Supplied information:
Segment Open
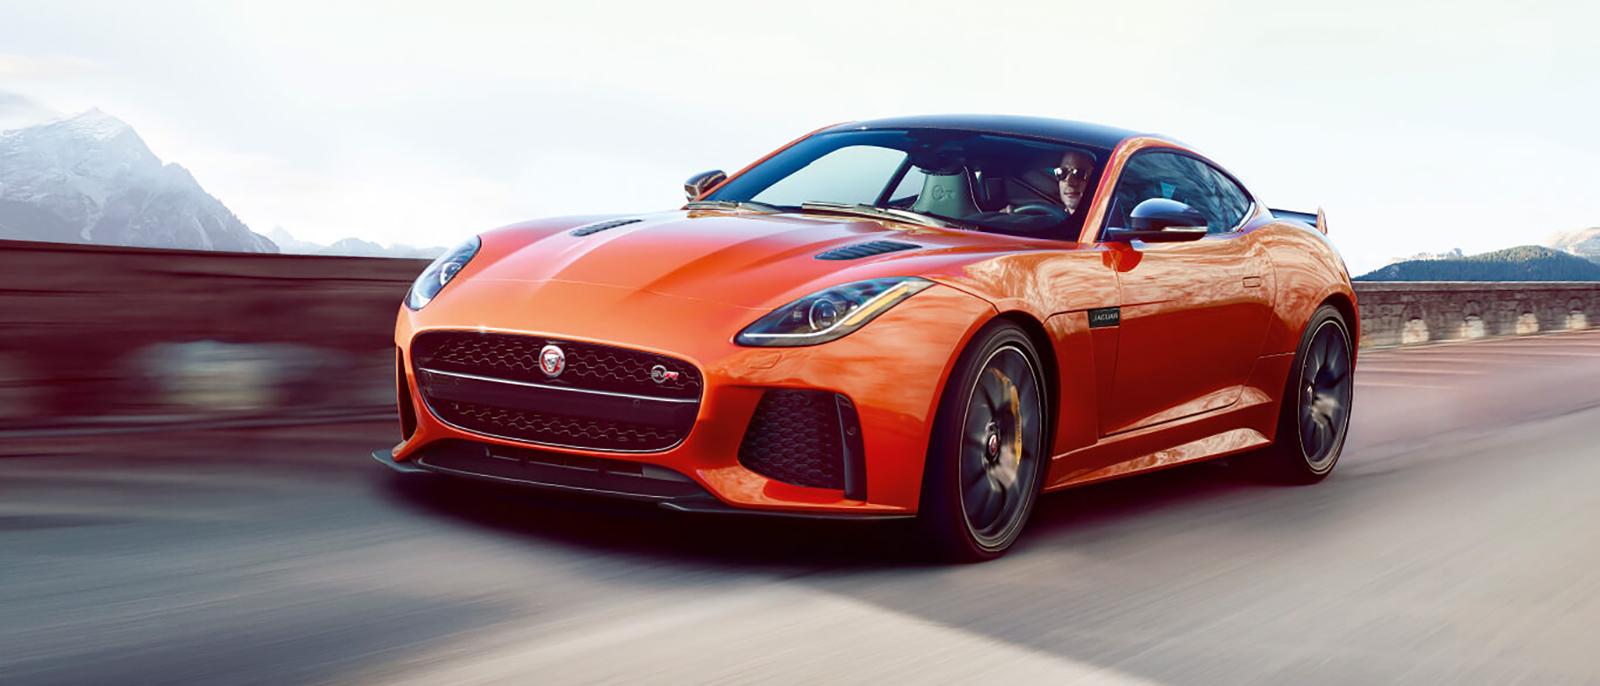 2017 Jaguar F-Type orange
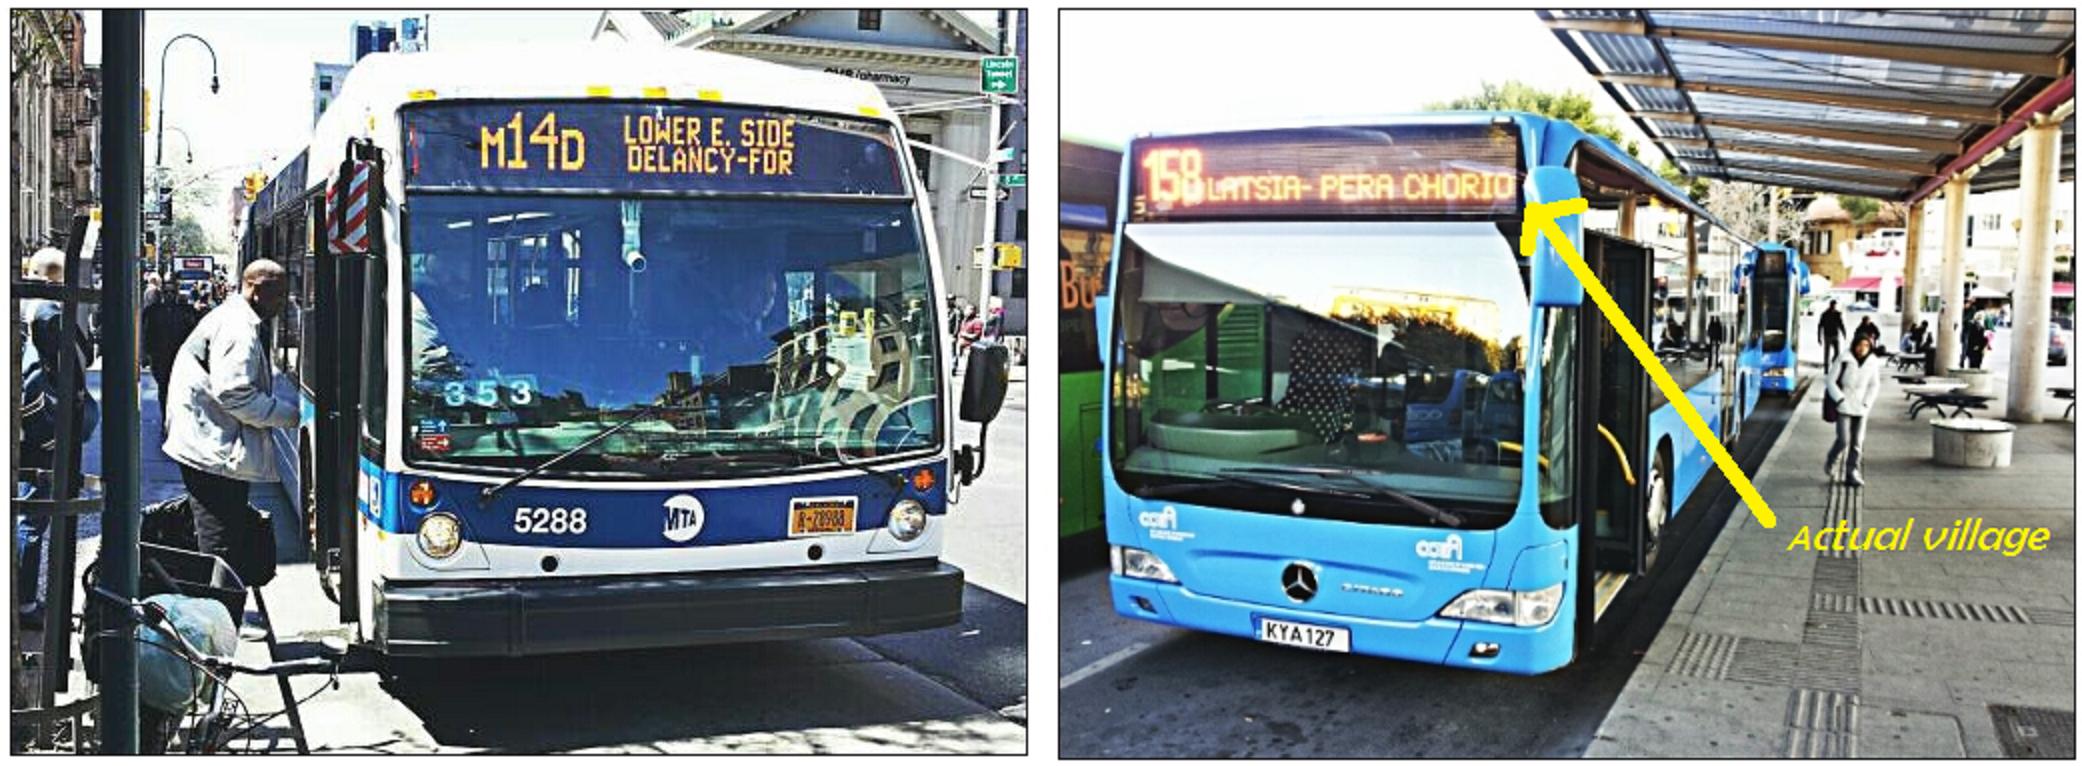 3. Bus routes
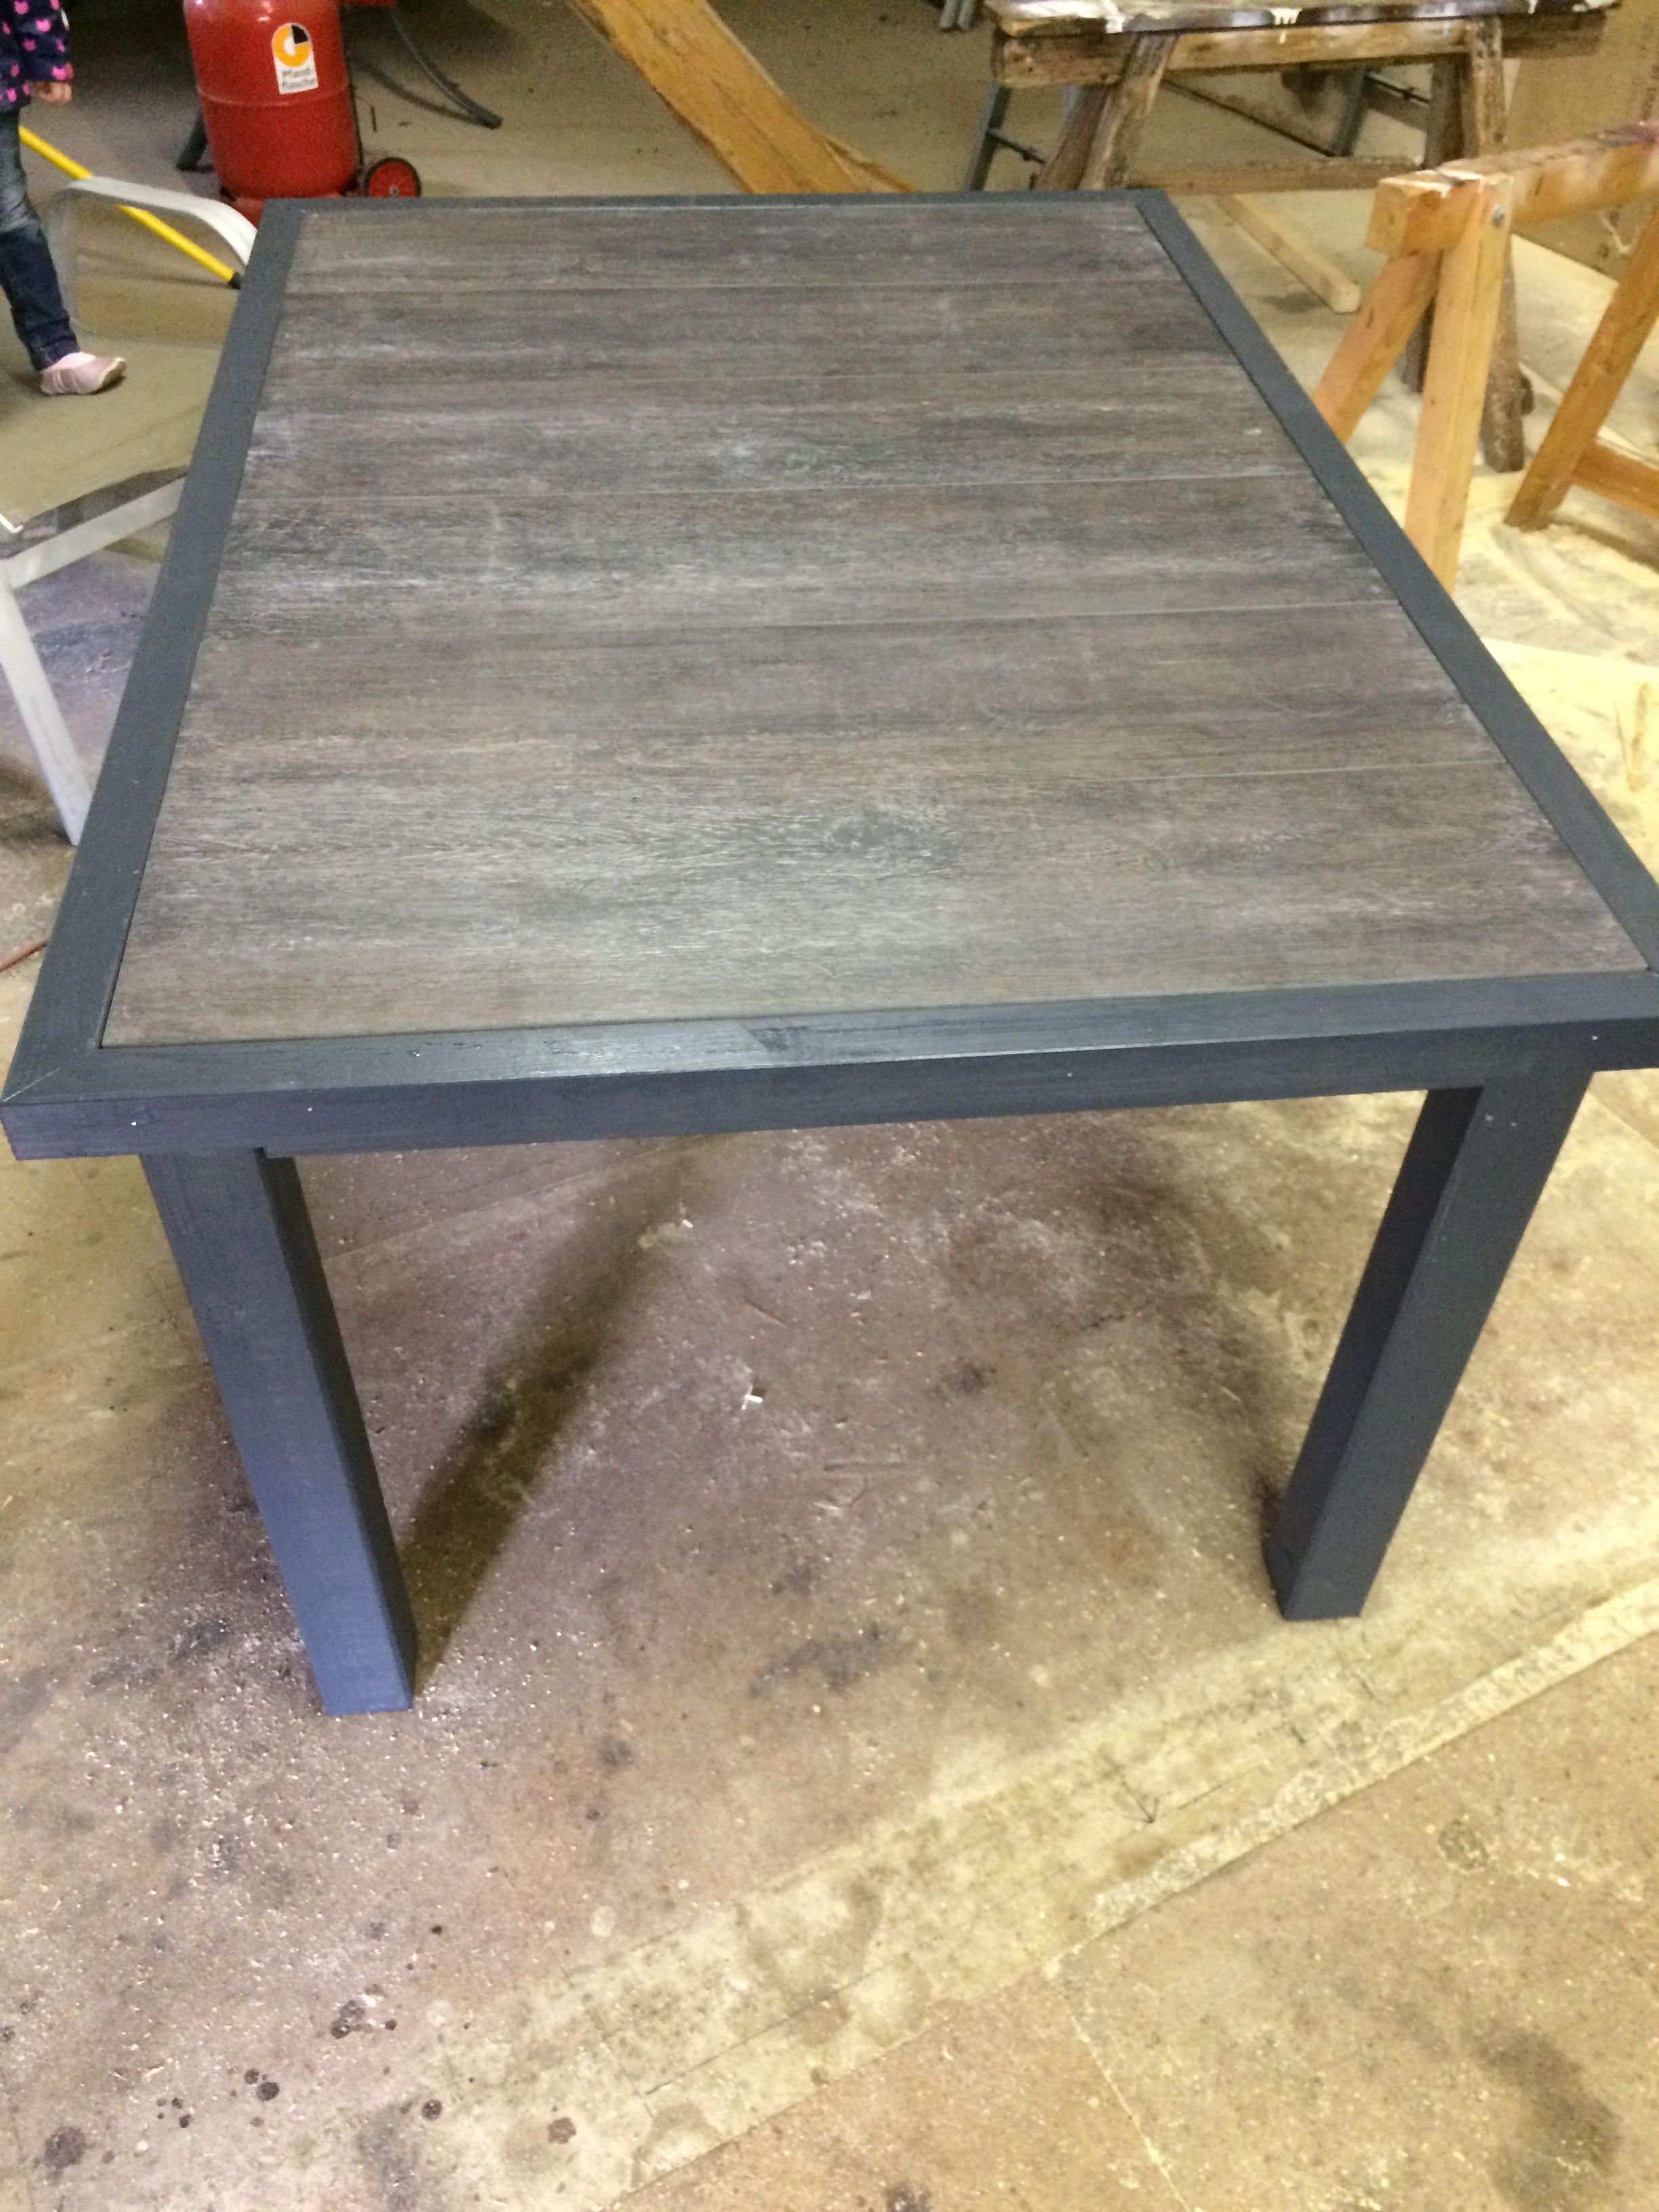 Gartentisch Aus Holz Mit Fliesen Als Tischplatte Pb Projekte
Segment Closed
Task: Only the text of the material belongs in your copy, which must match the original exactly.

Solution for this task:
 2017 Jaguar F-Type orange
 3. Bus routes
 Gartentisch Aus Holz Mit Fliesen Als Tischplatte Pb Projekte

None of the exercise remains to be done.